1. A method for inhibiting proliferation of adenoid or tonsillar cells comprising contacting the cells with an effective amount of a composition comprising a phosphatase inhibitor.

2. The method of claim 1, wherein the phosphatase inhibitor is a phosphoserine phosphatase inhibitor.

3. The method of claim 1, wherein the cells are hypertrophic.

4. The method of claim 3, wherein the hypertrophic cells contribute to obstructive sleep apnea.

5. The method of claim 1, wherein the phosphoserine phosphatase inhibitor is a small molecule, nucleic acid, or polypeptide.

6. The method of claim 5, wherein the phosphoserine phosphatase inhibitor is a nucleic acid.

7. The method of claim 6, wherein the nucleic acid is an siRNA against phosphoserine phosphatase.

8. The method of claim 7, wherein the composition contains a plurality of different siRNAs against phospherine phosphatase.

9. The method of claim 6, wherein the nucleic acid is a modified nucleic acid.

10. The method of claim 5, wherein the phosphoserine phosphatase inhibitor is a small molecule.

11. The method of claim 10, wherein the small molecule is okadaic acid, PPI2, or calyculin A.

12. A method for treating obstructive sleep apnea in a patient comprising administering an effective amount of a composition comprising a phosphatase inhibitor to the patient, wherein the patient is suspected of having or has been diagnosed as having obstructive sleep apnea.

13. The method of claim 12, wherein the phosphatase inhibitor is a phosphoserine phosphatase inhibitor.

14. The method of claim 12, wherein the phosphoserine phosphatase inhibitor is a small molecule, nucleic acid, or polypeptide.

15. The method of claim 14, wherein the phosphoserine phosphatase inhibitor is a nucleic acid.

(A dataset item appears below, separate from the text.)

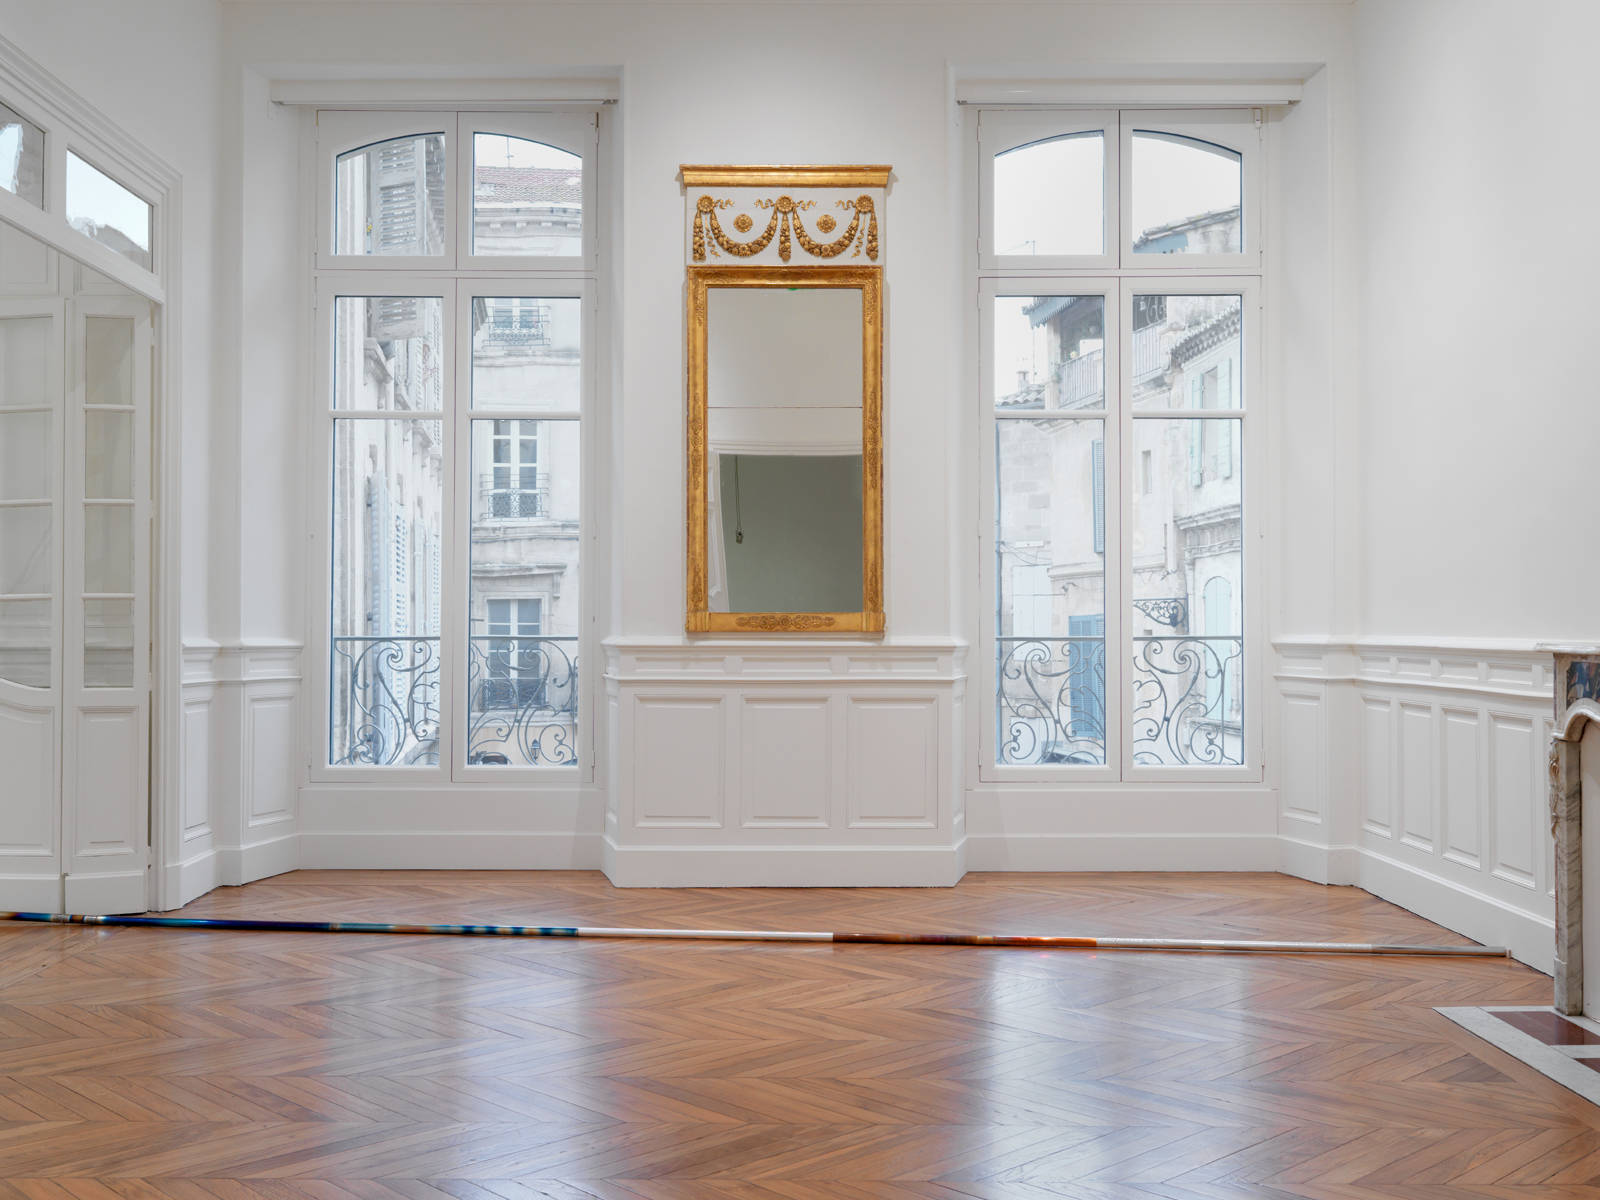 Raphael Hefti / "On Core / Encore", exhibition view, Fondation Vincent van Gogh, Arles / 2015

16. The method of claim 15, wherein the nucleic acid is an siRNA against phosphoserine phosphatase.

17. The method of claim 16, wherein the composition contains a plurality of different siRNAs against phospherine phosphatase.

18. The method of claim 15, wherein the nucleic acid is modified.

19. The method of claim 12, wherein the composition is administered multiple times.

20. The method of claim 12, wherein the composition is administered daily.

21. The method of claim 12, wherein the composition is formulated for oral, topical or mucosal administration.

22. The method of claim 21, wherein the composition is a liquid, strip, lozenge, or lollipop.

23. The method of claim 21 , wherein the composition is a mouthwash or spray.

24. The method of claim 12, wherein the patient has been diagnosed with obstructive sleep apnea.

25. The method of claim 12, wherein the patient is a pediatric patient.

26. A method of diagnosing obstructive sleep apnea, or a risk thereof, in a subject comprising diagnosing a subject with obstructive sleep apnea based on the results of a test indicating a measurable difference in the expression level of at least one biomarker in a biological sample from the subject, wherein the at least one biomarker is a product of a gene selected from Table 1.

27. The method of claim 26, wherein the at least one biomarker is an mRNA.

28. The method of claim 26, wherein the at least one biomarker is a polypeptide of interest.

29. The method of claim 26, wherein the biological sample comprises lymphadenoid tissue.

30. The method of claim 29, wherein the lymphadenoid tissue is selected from the group consisting of tonsillar tissue and adenoid tissue.

31. The method of claim 26, wherein the subject is human.

32. The method of claim 26, further comprising ordering the test prior to diagnosing the subject.

33. A method of screening a candidate therapeutic for obstructive sleep apnea comprising:

a) contacting hypertrophic adenoid and/or tonsillar cells with a candidate compound, wherein the candidate compound is an inhibitor of biomarker that is a product of a gene selected from Table 1 , and

b) determining a change on the phenotype or activity of the cells based on the contact with the candidate compound, wherein the change identifies the candidate compound as a potential therapeutic for obstructive sleep apnea.